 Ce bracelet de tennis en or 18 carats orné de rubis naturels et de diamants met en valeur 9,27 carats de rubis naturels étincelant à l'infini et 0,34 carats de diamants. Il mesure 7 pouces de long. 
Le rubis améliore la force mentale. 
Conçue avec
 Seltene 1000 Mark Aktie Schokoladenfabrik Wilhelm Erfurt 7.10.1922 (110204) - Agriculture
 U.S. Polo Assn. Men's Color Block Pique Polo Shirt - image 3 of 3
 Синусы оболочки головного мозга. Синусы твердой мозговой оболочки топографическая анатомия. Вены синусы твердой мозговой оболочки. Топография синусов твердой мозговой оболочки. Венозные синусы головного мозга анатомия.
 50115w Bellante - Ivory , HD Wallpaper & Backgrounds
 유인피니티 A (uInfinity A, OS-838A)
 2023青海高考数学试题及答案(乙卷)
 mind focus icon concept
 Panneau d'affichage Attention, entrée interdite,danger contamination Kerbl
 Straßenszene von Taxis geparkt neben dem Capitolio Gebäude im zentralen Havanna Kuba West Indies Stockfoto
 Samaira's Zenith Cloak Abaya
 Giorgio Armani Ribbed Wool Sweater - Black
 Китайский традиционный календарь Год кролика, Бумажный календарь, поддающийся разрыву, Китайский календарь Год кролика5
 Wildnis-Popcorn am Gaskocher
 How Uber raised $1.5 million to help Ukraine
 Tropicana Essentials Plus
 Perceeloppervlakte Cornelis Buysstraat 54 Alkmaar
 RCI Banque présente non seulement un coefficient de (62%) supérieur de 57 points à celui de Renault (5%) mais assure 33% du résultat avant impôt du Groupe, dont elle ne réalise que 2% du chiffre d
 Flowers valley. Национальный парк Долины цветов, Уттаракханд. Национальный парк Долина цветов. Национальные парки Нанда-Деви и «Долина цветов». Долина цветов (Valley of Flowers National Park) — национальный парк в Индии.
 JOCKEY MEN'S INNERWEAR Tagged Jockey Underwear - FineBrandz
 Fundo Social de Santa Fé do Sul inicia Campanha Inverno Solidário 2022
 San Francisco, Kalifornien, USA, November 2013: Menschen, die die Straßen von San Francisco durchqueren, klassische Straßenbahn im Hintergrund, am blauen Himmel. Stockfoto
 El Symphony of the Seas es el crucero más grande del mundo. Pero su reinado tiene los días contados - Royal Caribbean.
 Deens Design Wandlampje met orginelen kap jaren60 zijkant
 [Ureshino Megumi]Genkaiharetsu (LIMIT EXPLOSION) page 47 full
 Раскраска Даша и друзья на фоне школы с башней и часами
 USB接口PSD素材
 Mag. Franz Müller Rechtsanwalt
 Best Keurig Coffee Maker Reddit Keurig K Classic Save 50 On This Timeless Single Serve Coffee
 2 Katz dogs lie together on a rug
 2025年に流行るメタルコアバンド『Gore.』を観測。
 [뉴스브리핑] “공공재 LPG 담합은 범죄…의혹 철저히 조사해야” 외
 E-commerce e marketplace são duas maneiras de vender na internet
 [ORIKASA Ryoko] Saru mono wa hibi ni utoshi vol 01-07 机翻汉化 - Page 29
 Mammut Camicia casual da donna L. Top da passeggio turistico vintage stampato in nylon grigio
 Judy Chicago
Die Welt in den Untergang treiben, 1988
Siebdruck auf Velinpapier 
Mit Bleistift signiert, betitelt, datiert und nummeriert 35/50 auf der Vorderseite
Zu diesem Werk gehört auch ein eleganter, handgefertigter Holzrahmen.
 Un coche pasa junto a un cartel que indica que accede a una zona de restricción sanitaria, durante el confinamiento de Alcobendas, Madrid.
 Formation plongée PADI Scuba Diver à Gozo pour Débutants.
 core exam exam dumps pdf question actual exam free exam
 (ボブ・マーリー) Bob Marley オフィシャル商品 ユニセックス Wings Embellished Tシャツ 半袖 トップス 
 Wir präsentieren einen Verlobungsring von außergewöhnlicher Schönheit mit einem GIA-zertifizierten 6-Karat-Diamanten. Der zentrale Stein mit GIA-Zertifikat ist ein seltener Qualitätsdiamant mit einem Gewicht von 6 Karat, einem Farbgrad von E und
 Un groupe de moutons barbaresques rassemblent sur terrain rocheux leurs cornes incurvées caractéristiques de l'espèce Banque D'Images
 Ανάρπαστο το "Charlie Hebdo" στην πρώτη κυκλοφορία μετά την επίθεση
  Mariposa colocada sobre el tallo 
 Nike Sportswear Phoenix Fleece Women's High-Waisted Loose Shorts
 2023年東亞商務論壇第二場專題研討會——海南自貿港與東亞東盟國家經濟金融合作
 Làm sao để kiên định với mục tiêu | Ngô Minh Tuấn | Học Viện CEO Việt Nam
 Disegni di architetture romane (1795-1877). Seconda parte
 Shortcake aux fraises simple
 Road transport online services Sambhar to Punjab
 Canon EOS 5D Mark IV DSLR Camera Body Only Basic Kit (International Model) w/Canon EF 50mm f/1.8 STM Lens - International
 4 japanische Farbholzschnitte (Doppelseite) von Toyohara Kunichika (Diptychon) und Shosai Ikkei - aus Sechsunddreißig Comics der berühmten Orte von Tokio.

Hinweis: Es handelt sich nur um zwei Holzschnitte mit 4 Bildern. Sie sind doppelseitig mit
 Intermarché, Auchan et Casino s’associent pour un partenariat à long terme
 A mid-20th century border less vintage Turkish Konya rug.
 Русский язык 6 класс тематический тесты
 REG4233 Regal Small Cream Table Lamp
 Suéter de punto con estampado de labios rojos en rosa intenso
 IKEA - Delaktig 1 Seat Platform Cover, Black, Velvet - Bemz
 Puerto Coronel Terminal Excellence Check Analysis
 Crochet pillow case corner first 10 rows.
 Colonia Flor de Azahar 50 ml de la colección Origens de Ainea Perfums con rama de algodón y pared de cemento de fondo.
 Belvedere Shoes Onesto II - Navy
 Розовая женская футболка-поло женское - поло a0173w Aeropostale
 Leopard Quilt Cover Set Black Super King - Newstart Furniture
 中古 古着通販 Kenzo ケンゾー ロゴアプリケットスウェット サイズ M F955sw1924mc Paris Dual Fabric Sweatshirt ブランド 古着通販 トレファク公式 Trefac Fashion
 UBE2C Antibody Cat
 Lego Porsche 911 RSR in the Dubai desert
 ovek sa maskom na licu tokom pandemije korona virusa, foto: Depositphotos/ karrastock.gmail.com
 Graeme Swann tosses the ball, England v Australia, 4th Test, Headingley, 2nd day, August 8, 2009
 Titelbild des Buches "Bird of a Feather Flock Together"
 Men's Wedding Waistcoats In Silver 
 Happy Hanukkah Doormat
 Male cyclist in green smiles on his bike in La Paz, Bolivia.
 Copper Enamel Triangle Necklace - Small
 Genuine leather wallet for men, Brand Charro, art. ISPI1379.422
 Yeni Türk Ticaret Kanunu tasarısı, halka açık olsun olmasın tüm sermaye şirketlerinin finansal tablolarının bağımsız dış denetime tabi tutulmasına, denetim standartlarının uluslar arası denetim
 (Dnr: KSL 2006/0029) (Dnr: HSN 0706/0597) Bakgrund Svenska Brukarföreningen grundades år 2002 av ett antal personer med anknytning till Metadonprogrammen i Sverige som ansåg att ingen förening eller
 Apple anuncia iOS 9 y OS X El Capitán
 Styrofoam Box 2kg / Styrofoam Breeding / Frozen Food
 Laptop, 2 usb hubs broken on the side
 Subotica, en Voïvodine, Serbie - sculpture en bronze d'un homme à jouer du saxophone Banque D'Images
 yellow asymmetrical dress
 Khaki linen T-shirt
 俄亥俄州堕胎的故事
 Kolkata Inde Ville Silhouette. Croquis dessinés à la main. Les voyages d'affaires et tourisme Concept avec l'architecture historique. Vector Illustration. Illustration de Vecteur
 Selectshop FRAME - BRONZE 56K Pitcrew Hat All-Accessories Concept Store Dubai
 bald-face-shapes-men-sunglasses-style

__Work instructions__. In the entries above, please find the line with "Zu diesem Werk" and the line with "Nike Sportswear Phoenix", then write out exactly those two lines and every line between them, and nothing more.

__Problem solution__.
Zu diesem Werk gehört auch ein eleganter, handgefertigter Holzrahmen.
 Un coche pasa junto a un cartel que indica que accede a una zona de restricción sanitaria, durante el confinamiento de Alcobendas, Madrid.
 Formation plongée PADI Scuba Diver à Gozo pour Débutants.
 core exam exam dumps pdf question actual exam free exam
 (ボブ・マーリー) Bob Marley オフィシャル商品 ユニセックス Wings Embellished Tシャツ 半袖 トップス 
 Wir präsentieren einen Verlobungsring von außergewöhnlicher Schönheit mit einem GIA-zertifizierten 6-Karat-Diamanten. Der zentrale Stein mit GIA-Zertifikat ist ein seltener Qualitätsdiamant mit einem Gewicht von 6 Karat, einem Farbgrad von E und
 Un groupe de moutons barbaresques rassemblent sur terrain rocheux leurs cornes incurvées caractéristiques de l'espèce Banque D'Images
 Ανάρπαστο το "Charlie Hebdo" στην πρώτη κυκλοφορία μετά την επίθεση
  Mariposa colocada sobre el tallo 
 Nike Sportswear Phoenix Fleece Women's High-Waisted Loose Shorts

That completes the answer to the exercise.